Он отвел мне келью рядом со своей; спал на кровати без белья, покрывался старой рясой отца Конона. Бывало, уже в три с половиной часа утра будит: «Натолий, вставай, к полунощнице пора!» Идешь, наскоро умоешься, и в церковь. В церкви темно, электричества в обители нет; монахи, как тени, в черных мантиях. Подходишь к раке с мощами преподобного.

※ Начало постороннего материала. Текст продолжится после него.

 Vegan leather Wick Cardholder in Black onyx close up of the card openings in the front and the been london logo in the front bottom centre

Два земных поклона, целуешь гробницу; берешь тяжелые вериги преподобного — тяжелую медную цепь с крестом; надеваешь. Так и гнет книзу, хоть и поверх одежды. Последний земной поклон в веригах. И становишься на свое место. Полунощница, утреня. Затем ранняя обедня. Раннюю обедню служил схиепископ Макарий со своим келейником, молодым тогда иеродиаконом Вуколом. После ранней обедни вся братия, кто помоложе, на работу — лес корчевать. Твердое задание получали. Лесоповал. А старики — позднюю обедню служат. Трапеза. Затем часа два работы в обители (я помогал отцу Конону по уборке). А в 4 часа звонят к повечерию. После повечерия — акафист. В 6 часов братия возвращается с работы, в 7 часов — вечерня, парастас перед иконой Божией Матери. Канон покаянный Спасителю, Божией Матери, Ангелу Хранителю. Вечернее правило. Богослужение оканчивается в 11-ом часу. А завтра в 3 с половиной опять разбудит отец Конон своим строго-ласковым «Натолий!»

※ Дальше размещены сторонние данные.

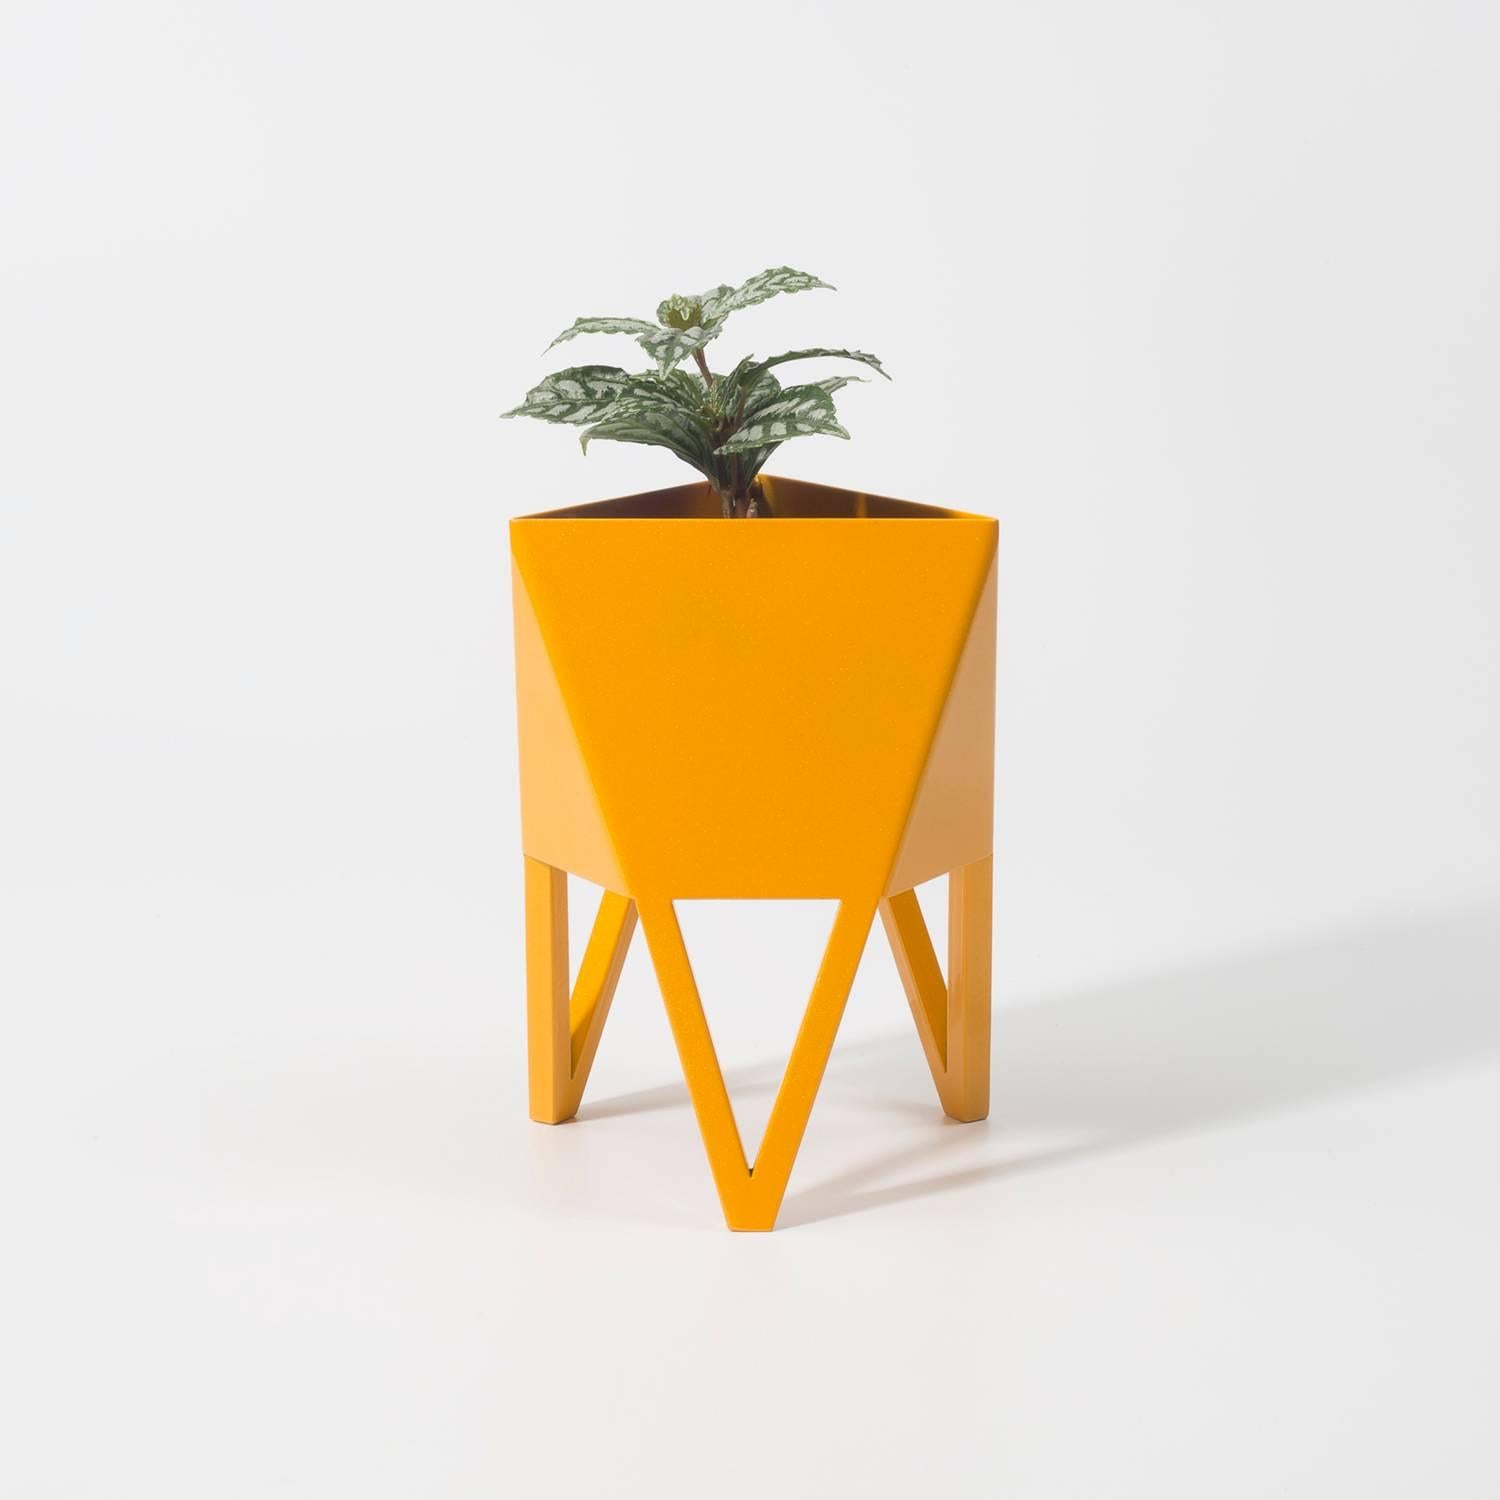 Introducing Force/Collide's signature planter in sunbeam daffodil yellow. Using a seamless brake-forming technique, one sheet of steel is wrapped into a unique geometric pattern that's triangular at the top and hexagonal at the base. Three V-shaped

Помню разговоры с отцом Кононом. Это живой фольклор. Например, объяснение памятника Николаю I на Исакиевской площади в Питере. Николай I показывает правой рукой на небо. Так вот как дело было. Была в Питере холера. Народ пришел к государю. Государь показывает на небо: «Что я могу сделать? Тут Бог!» Народ в ответ: «Бог-то Бог, да и ты, царь-батюшка, не будь плох!» И задумался царь. Что это значит, — не будь плох. Идет и видит: тащат холерного в больницу. Он потихоньку за ним. Пришел в больницу, спрятался, наблюдает. Вот входит доктор — немец, толстый, в очках, в белом халате. Приказывает санитарам: бултыхните его в ванну. Как бросили его в ванну, — сразу помер. Так же второго, третьего, четвертого. Тогда выходит из-за ширмы царь, приказывает санитарам: бултыхните врача в ванну. Они его за руки за ноги — бросили в ванну, помер. После этого перебил народ всех врачей, и холера прекратилась.

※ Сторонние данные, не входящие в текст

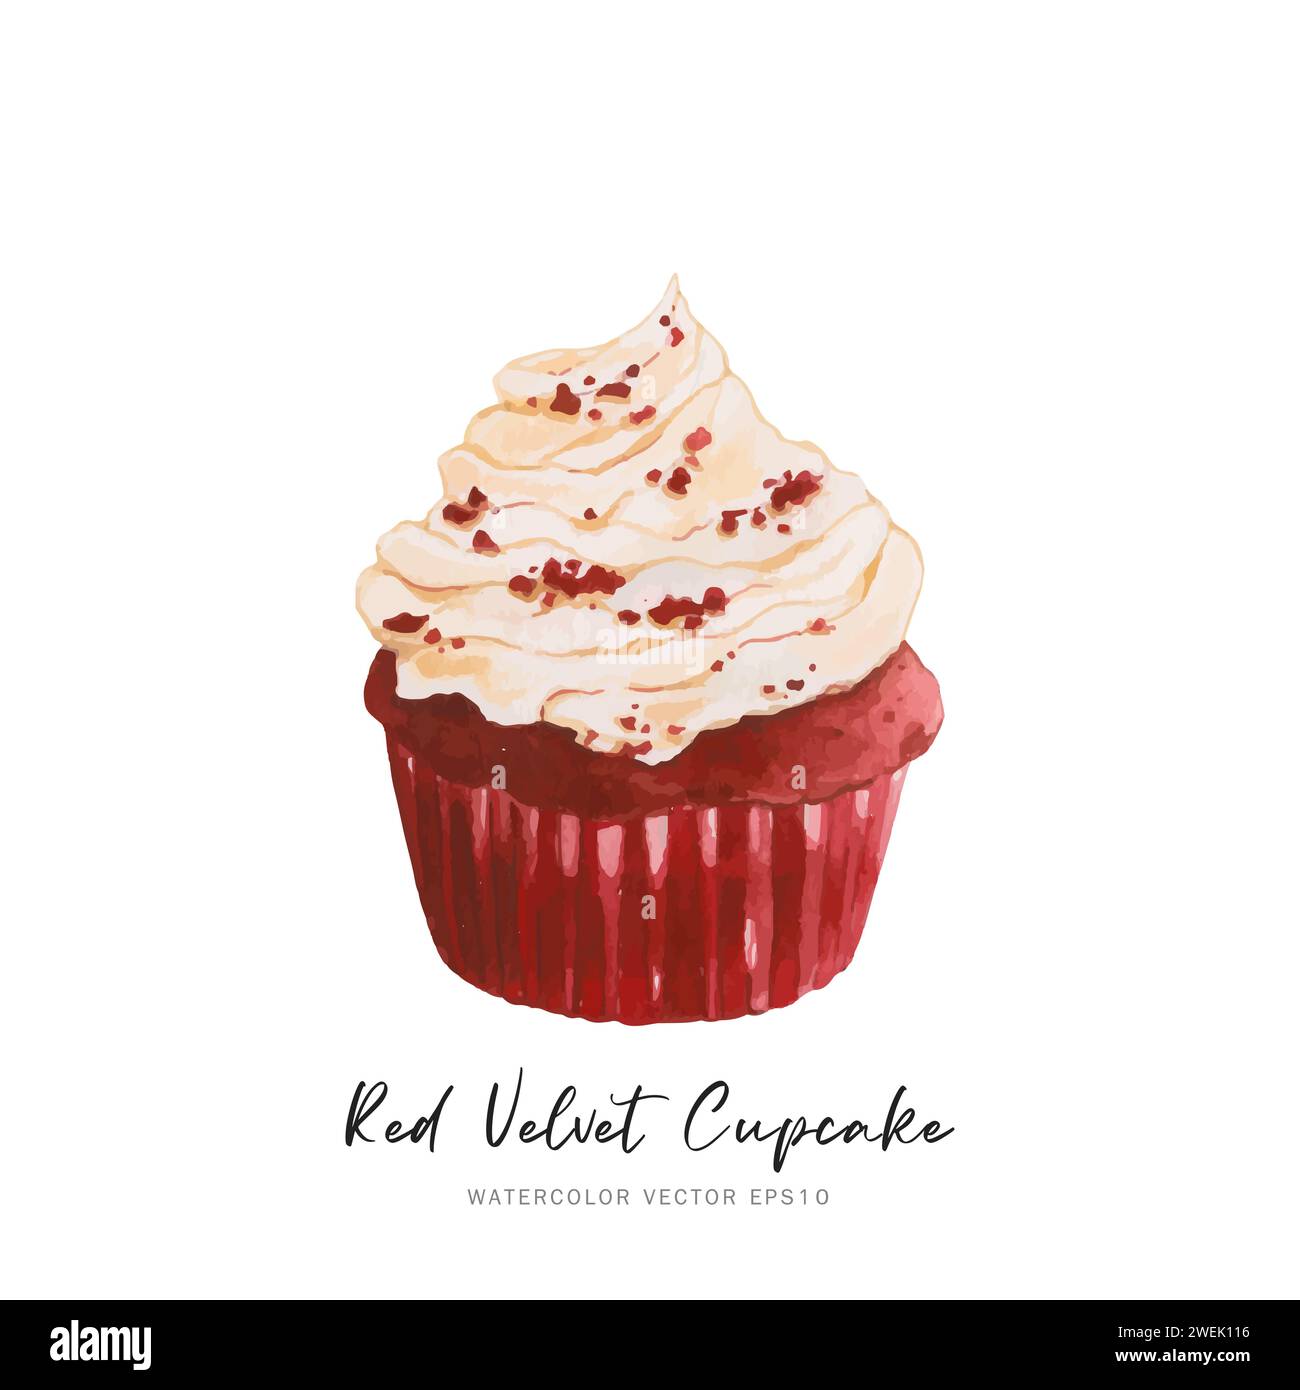 Red velvet cupcake dessert, watercolor food painting vector design isolated on white background Stock Vector

Я много раз вспоминал этот рассказ в период 1953–1958 гг., когда по всей России прокатилась молва, что врачи-евреи травят по больницам людей. Можно только подивиться поистине сатанинской гениальности Сталина, который сумел так мастерски расшевелить старый народный предрассудок. Вероятно, еще будучи где-нибудь в ссылке, слышал рассказ, подобный рассказу отца Конона. И ведь все повторяли о врачах-отравителях еще лет пять после смерти Сталина. В Архангельской области пронесся слух, что «вата заражена сифилисом, а водка раком». В 1959 г. в Кашине я слышал в вагоне рассказ какого-то мужичка: «Хотели меня в больницу положить — не дался! Евреи отравят». В Калязине другой мужичок жалуется: «Баба у меня была — отравили доктора-евреи в больнице».

Как тут не повторить вместе с Пушкиным: «Боже мой! До чего грустна наша Россия!» А ведь очень неглупый и добрый человек был отец Конон! Не тем его поминать!

В обители главным лицом был архиепископ. Примечательна его судьба. Он пришел в обитель, по рассказу отца Конона, молодым пареньком, таким, как я, и с ним отец Конон, как и со мной, дрова пилил. Потом отец Арсений постриг его в монахи с именем «Кирилл». Был он иеромонахом, а после отца Арсения стал настоятелем пустыни. В 1923 г. — в смутное время — рукоположили его епископ Колпинский Серафим и епископ Архангельский Михей во епископа Любанского (тогда без конца рукополагали архиереев, чтоб на случай арестов оставались епископы). А в 1926 г. принял он схиму с именем «Макарий». Жил он наверху, в келейке, и прислуживал ему келейник, иеродиакон Вукол, из местных крестьянских парней. Служил владыка ранние обедни, в приделе, по священническому чину; надевал лишь поверх фелони малый омофор. Ко всем службам ходил в схиме, стоял на клиросе. Спрашивал у отца Конона про меня, что это, мол, за парень? Тот меня учил: «Как подойдешь к владыке под благословение, спроси: Когда, владыко, благословите прийти!»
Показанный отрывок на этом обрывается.